After the emotionally difficult incident, at first I just sat with it for a while and tried to distract myself, mostly just feeling bad. Then I decided I couldn’t take it anymore. Mostly because I couldn’t concentrate on anything I was trying to distract myself with. I decided I might as well try to actively make myself feel better. After all, I knew that if I did nothing, I definitely wouldn’t start feeling better very soon. So I opened up my text editor and I started writing.
I wrote down how I felt and what I was thinking while I was feeling bad. I wrote about the pain I was feeling. I wrote about acceptance of the things that shook my confidence. I did the scary deed and explored my inner world looking directly at the things that hurt and then describing those things in words.
Then I made myself start writing what I wanted to be thinking and feeling. I wrote about the real, good things that I omitted when I was tearing myself down. I know that not only am I'm flawed, but I accept and work on those flaws actively. When you are feeling bad about yourself, it’s easy to forget about the great, amazing things about you. I even wrote down positive affirmations, taking care to really feel what I was writing and not just think it.

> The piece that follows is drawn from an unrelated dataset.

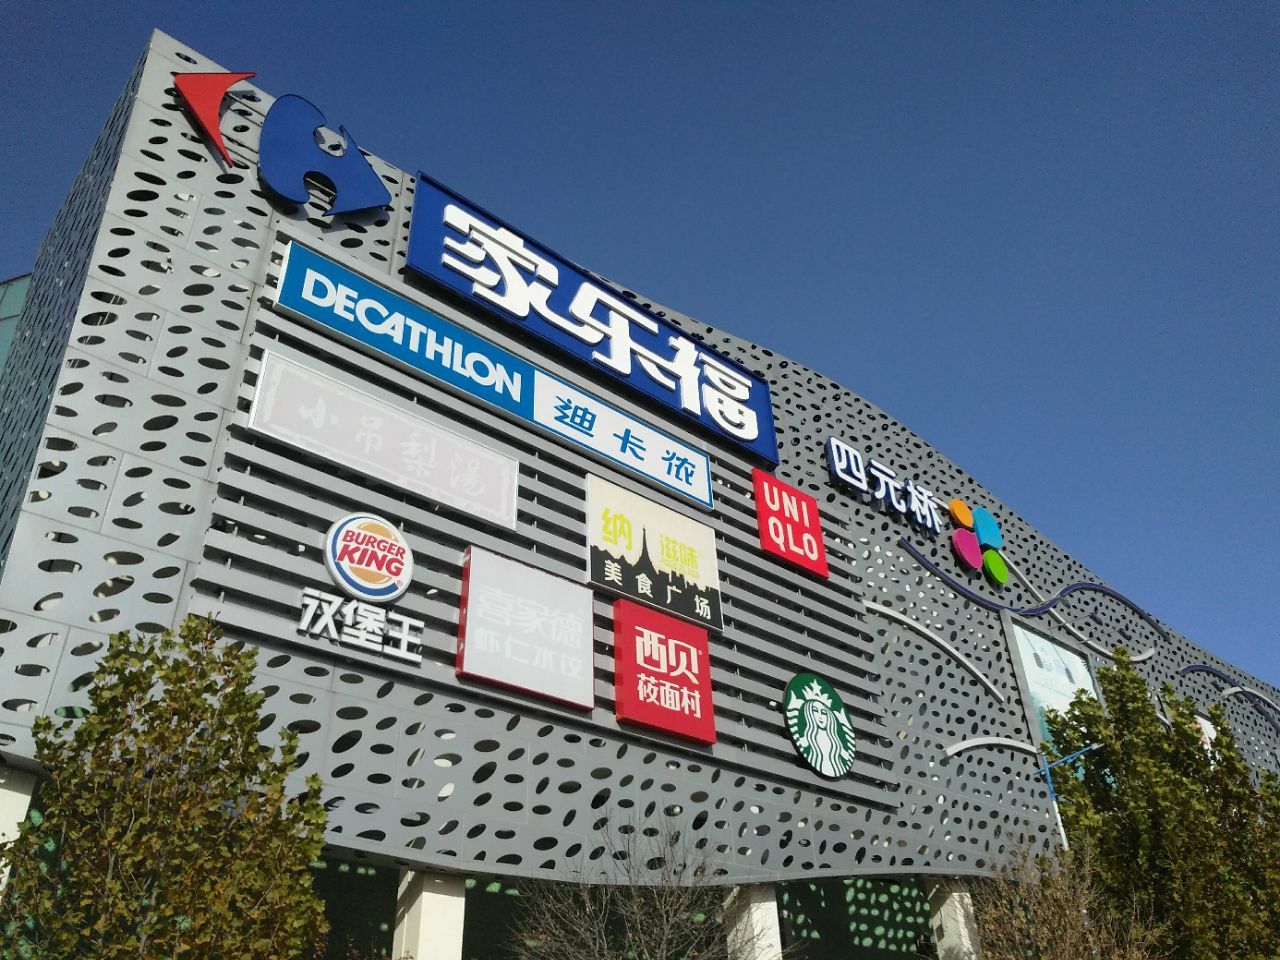 【携程攻略】北京四元桥购物中心购物,四元桥购物中心虽然有点偏 但是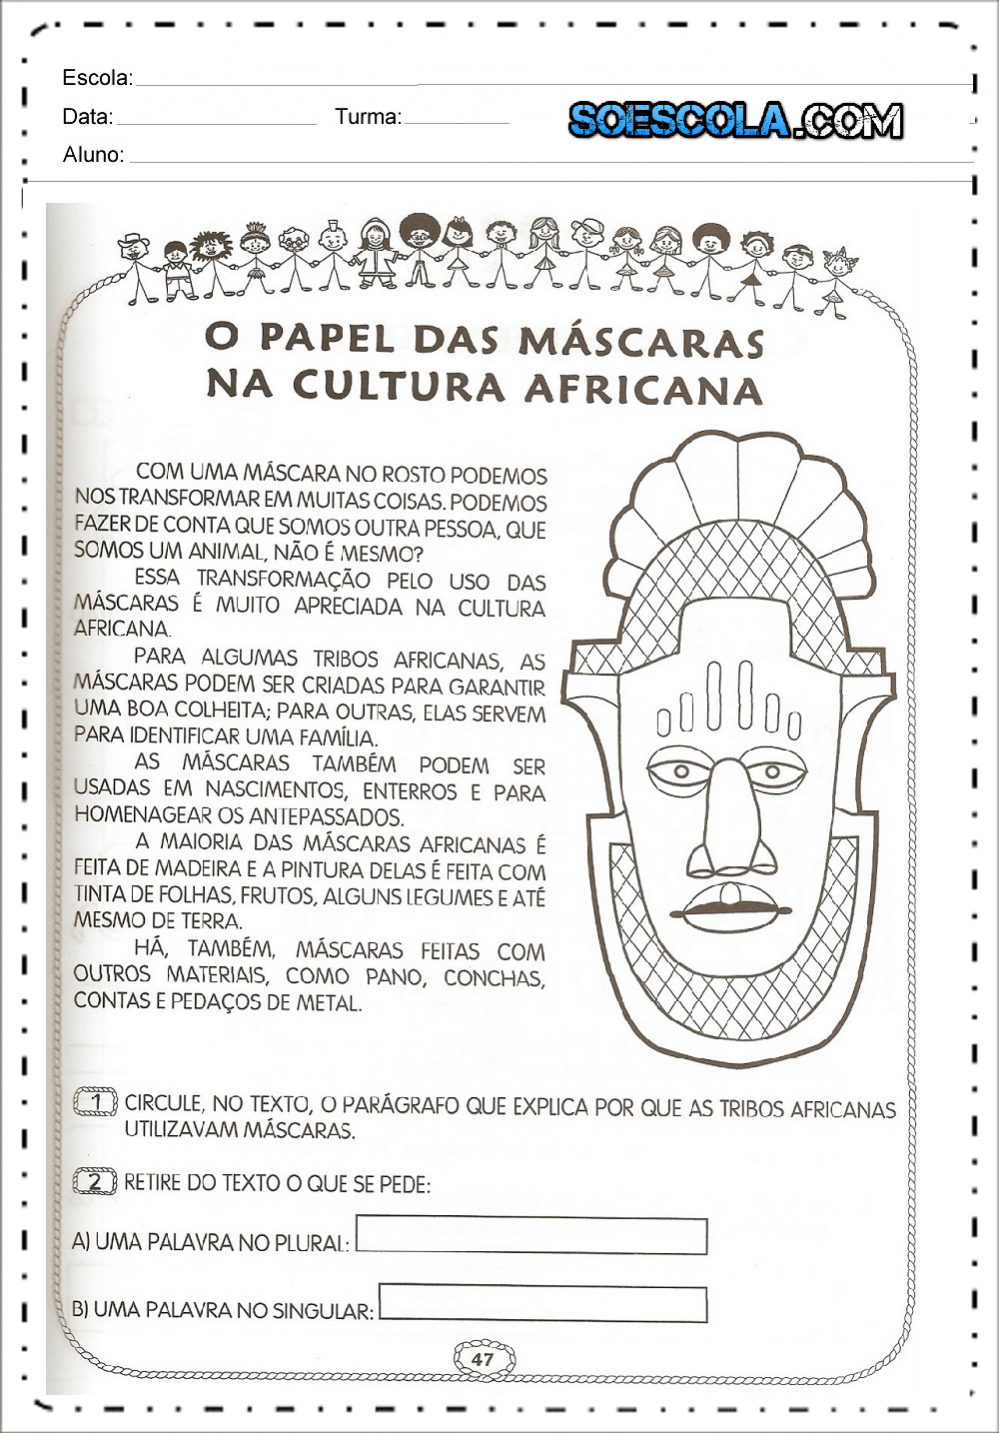 Atividades sobre máscaras africanas - O papel das mascaras africanas ...

So I wrote and wrote and wrote and wrote, until I could feel that I was starting to see a bigger picture and much to my relief my confidence and desire to make music started to return. I’m still a little raw from the experience, but I’m moving forward. It’s nice to know that, though it sometimes very hard, I can take direct action to help myself move forward and feel better when I’m beaten down emotionally and feel hurt and a little lost.